I do not believe that mentioning that Linked Data is "based on RDF" will 
have a significant impact on the adoption of JSON-LD.

JSON-LD needs to stand on its own merits.  Tutorials can perfectly well 
talk about how to use JSON-LD without ever discussing bnodes, RDF/XML, 
or the semantics of interpretations.

>
> We just try to explain them the underlying principles in simple terms to get
> them interested and motivated enough to read the rest. The end of the spec
> makes JSON-LD's relationship to RDF crystal clear (IMO at least) and
> contains a whole lot of examples for people from the semantic web community
> already familiar with e.g. Turtle or RDFa. Those people don't need to read
> the introduction, they know the basics already.

I think it's good that it starts by explaining the underlying principles 
in simple terms.  I do not believe that that objective will be harmed by 
the three words "based on RDF".

>
>
>> Why does the definition of "Linked Data" matter so much?  Messaging
>> matters!  It can have a huge real-life impact.  (Colossal recent example
>> in politics: The messaging that President Bush used to justify starting
>> the Iraq war, which has ended up costing trillions of dollars and over
>> 100,000 civilians killed!)
>
> I just ignore this remark.
>
>
>> The coining of the term "Linked Data" by TimBL was the single most
>> important advance in messaging in the entire history of the Semantic
>> Web.  One of the biggest problems the Semantic Web had was the term
>> "Semantic Web" itself, because: (a) it is intimidating and confusing;
>> and (b) it is misleading, because people wrongly associate it with the
>> semantics of natural language processing.  It has been difficult over
>> the years to get the messaging simple and clear -- and the ugliness of
>> RDF/XML certainly didn't help -- and the term "Linked Data" helps
>> substantially.
>
> Exactly, it is a marketing term. Dan wrote excellent piece on that so I
> won't rehash it here:
>
> http://lists.w3.org/Archives/Public/www-archive/2012Oct/0119.html

Yes, that's a very good post.  To quote: 'RDF effectively got rebranded 
again; this time as "Linked Data".'

>
> The truth is that people strongly associate RDF with RDF/XML. In fact, it is
> difficult to have conversations without conflating RDF the data model and
> its serialization formats.

It would be nice if JSON-LD could help dispell that misconception.  But 
to do so, people need to know that JSON-LD *is* a serialization of RDF.

>
>
>> If the JSON-LD spec were to adopt a definition of "Linked Data" that
>> differs in such a critical way from the established meaning of this
>> term, it would be misleading the public and would create confusion in
>> the community.
>
> Sorry, but I just can't see how it is doing that.

Okay, to be very clear:

1. Telling the public that Linked Data is not based on RDF would be 
misleading the public, because Linked Data -- in the original and 
well-established sense of the term -- very clearly *is* based on RDF.

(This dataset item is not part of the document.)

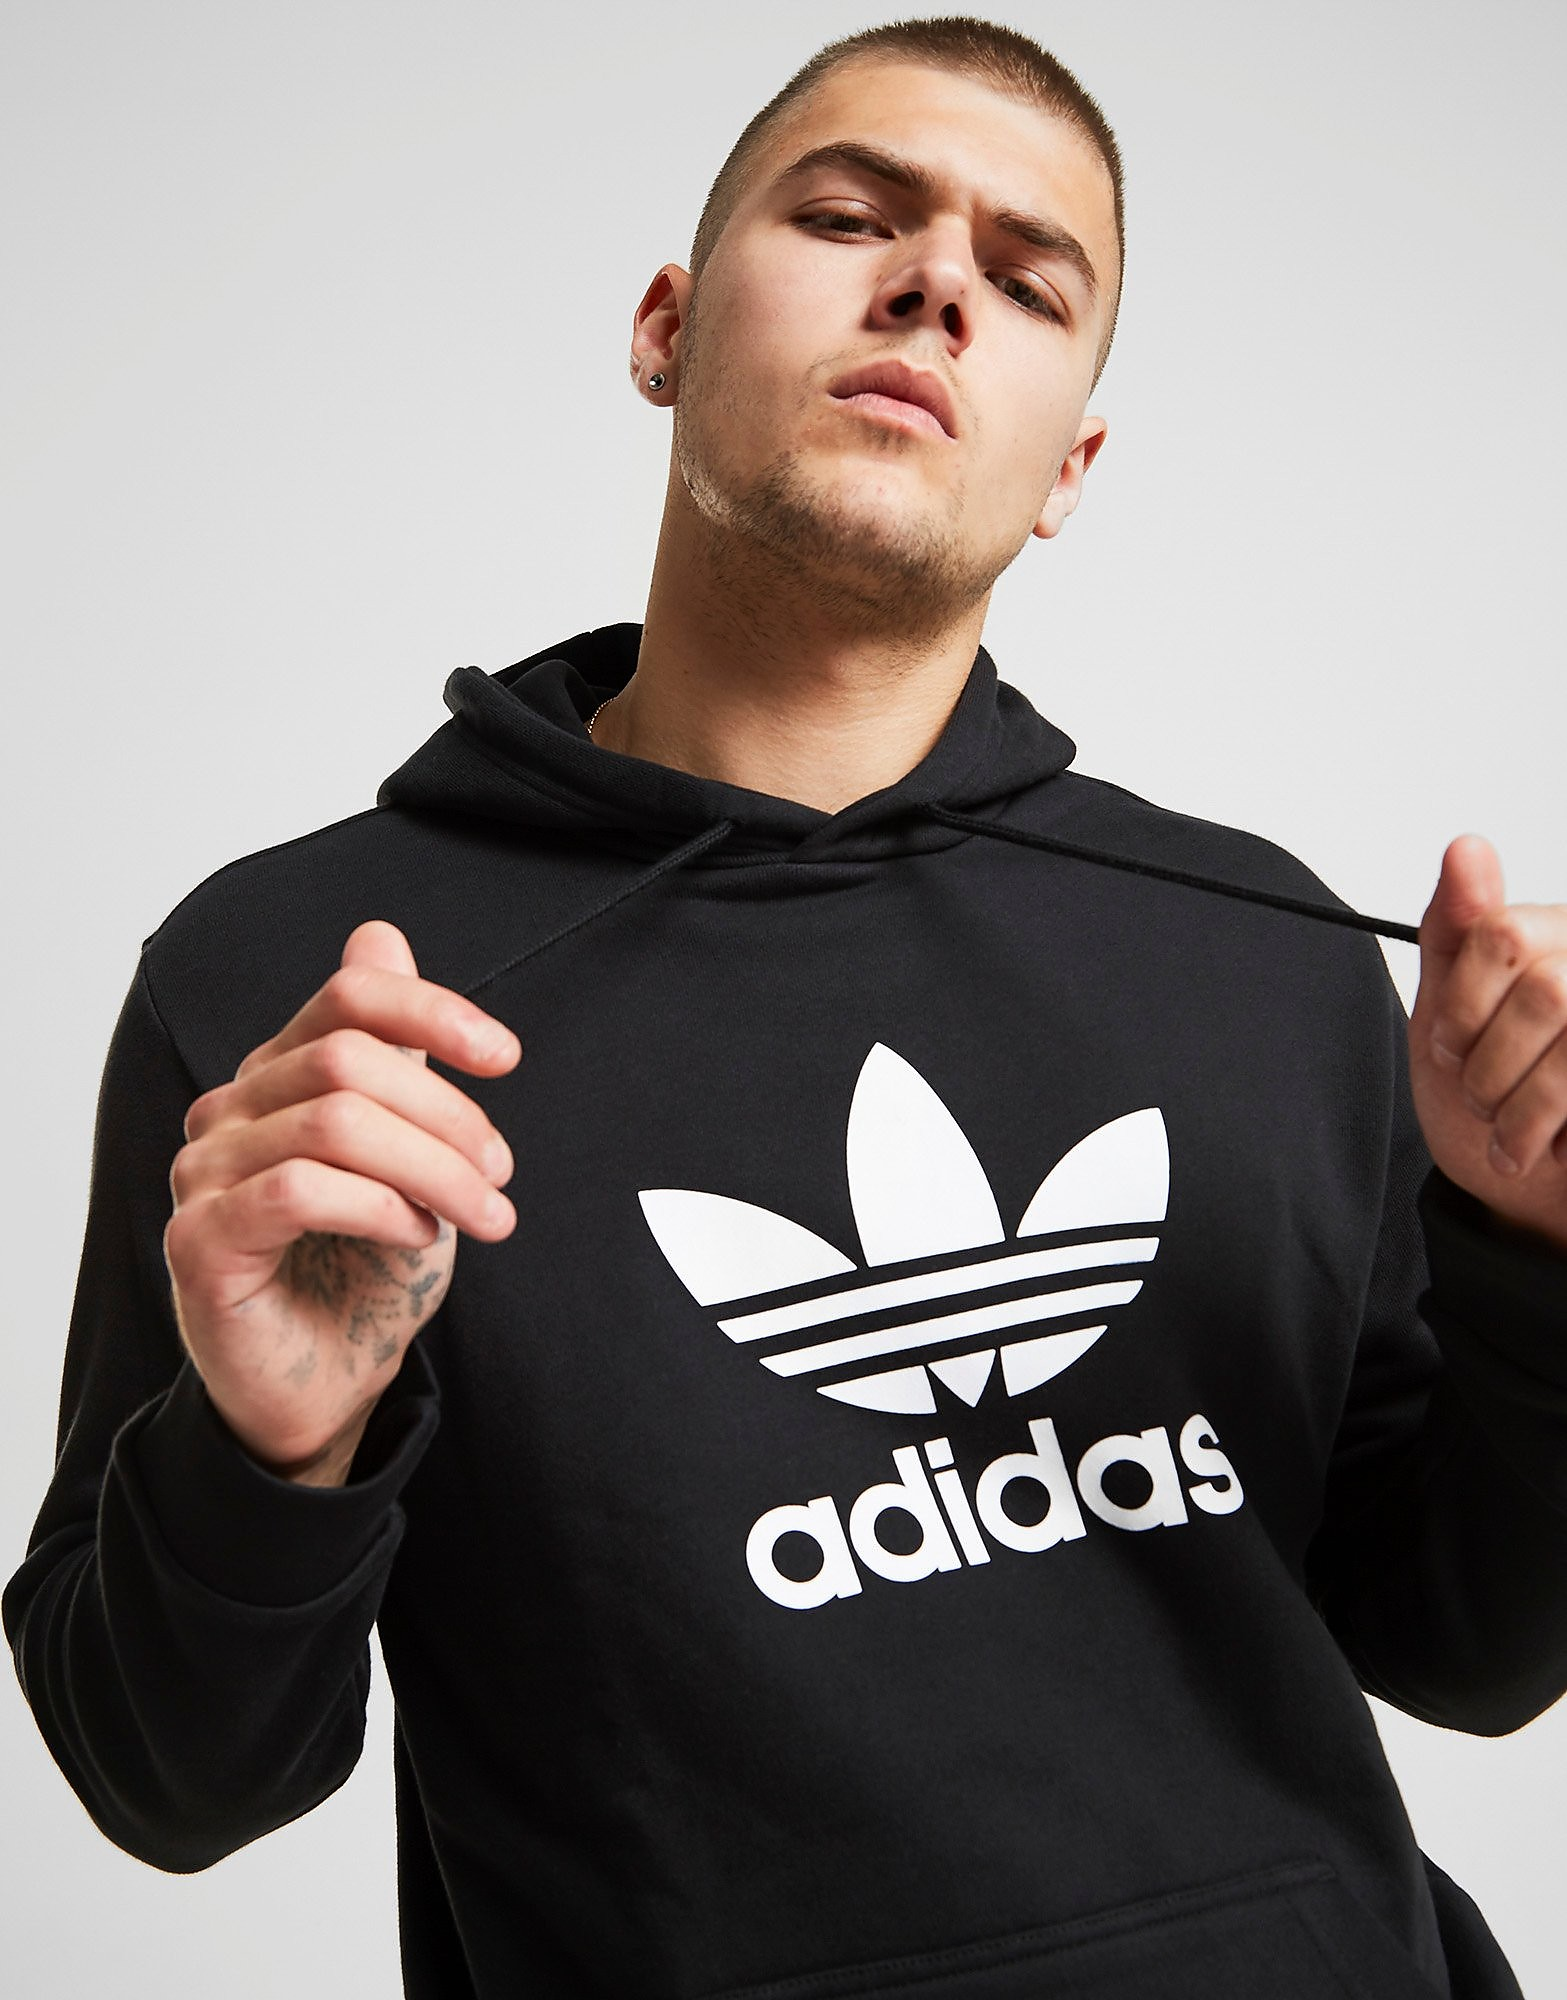 adidas Originals Trefoil State Overhead Hoody
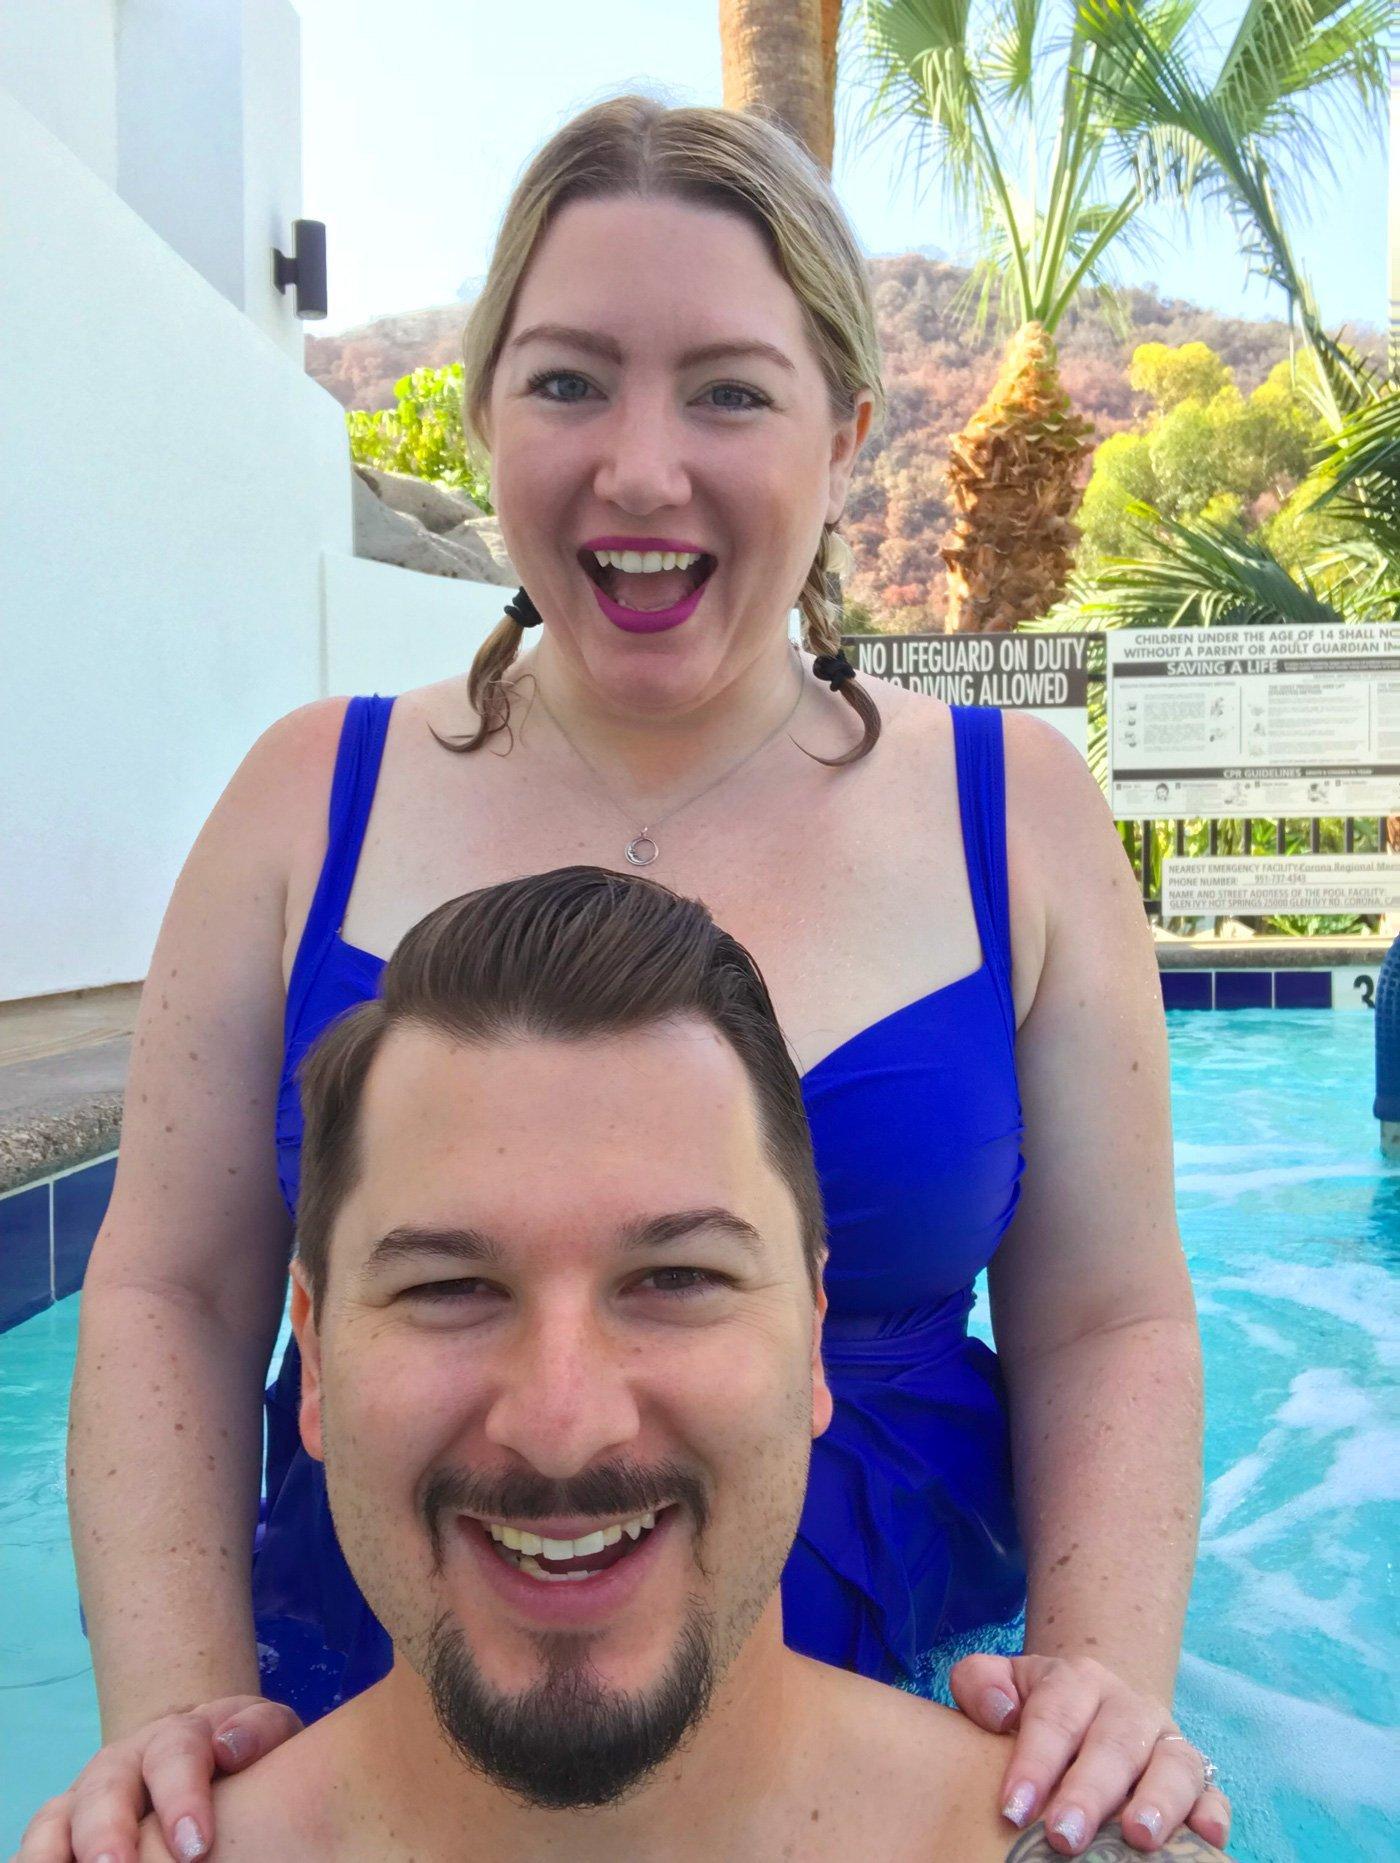 Natasha & Jarod Octon having fun in the Ivy Terrace Spa Pool.

2. That would create confusion in the community because people would 
then have differing notions of what is Linked Data.  Thus, when people 
talk about Linked Data, there would be confusion about what is meant. 
If the meaning is not kept clear, people may start claiming that 
arbitrary JSON is "Linked Data", or that spreadsheets that contain some 
URLs are "Linked Data", or that database tables that have foreign keys 
are "Linked Data", or HTML pages of census data with links to other 
pages are "Linked Data".

>
>
>> To be clear, the current resolution of this point is NOT satisfactory.
>>
>> A simple and neutral way to resolve this problem would be to just quote
>> TimBL's original definition of the term.  This is what other documents
>> have done, and would not require endless wordsmithing debates.  I
>> suggest doing that and linking to TimBL's original Linked Data document.
>> (Credit: thanks to Arnaud Le Hors for making this suggestion while we
>> were talking at SemTech.)
>
> I suppose by "TimBL's original definition" you don't really mean the
> original 2006 version, right?

I was referring to his completed version of that definition.  But as I 
pointed out above, the intent was also clear in the first draft.

>
>
>>> 2. It is the groups experience that Web developers have an aversion to
>>> RDF as a complex technology due to RDF/XML and other technologies that
>>> do not represent the current RDF world. It doesn't matter if these
>>> aversions are based on reality - the aversion exists, so we try to
>>> downplay RDF as much as possible in the JSON-LD spec.
>>
>> I agree with the goal of keeping it simple for Web developers, but I
>> think the downplaying has gone to the point of hiding it, and that is
>> harmful.  If developers' view of RDF is going to change, they need to
>> know that it *is* RDF that they are using when they use JSON-LD. If
>
> And you think that developers won't understand that from the last paragraph
> in the introduction
>
>     Developers that require any of the facilities listed above or
>     need to serialize an RDF graph or dataset [RDF11-CONCEPTS] in a
>     JSON-based syntax will find JSON-LD of interest.
>
> or any of the sections specifically discussing the relationship of JSON-LD
> and RDF?

No.  Would developers who "need to serialize an RDF graph in a XYZ-based 
syntax find XYZ-LD of interest"?  I guess, but that doesn't say that 
XYZ-LD is an RDF.  If they knew that the "-LD" stood for "Linked Data" 
and that Linked Data is based on RDF, then they may guess.  But I think 
it should be clear.

>
>
>> they see how easy it is to use JSON-LD, it will stand on its own merits,
>> even if it does say "RDF inside".  To my mind, the goal should not be to
>> *hide* the fact that it is JSON-LD is RDF, but to make JSON-LD 100%
>> usable by those who do not wish to learn anything *else* about RDF --
>> i.e., anything beyond what they learn in the JSON-LD spec.
>
> That's exactly what we try to do. By "hiding RDF" we try to increase the
> chances that they "see how easy it is to use JSON-LD" instead of stopping to
> read after the first paragraph because of an aversion to RDF.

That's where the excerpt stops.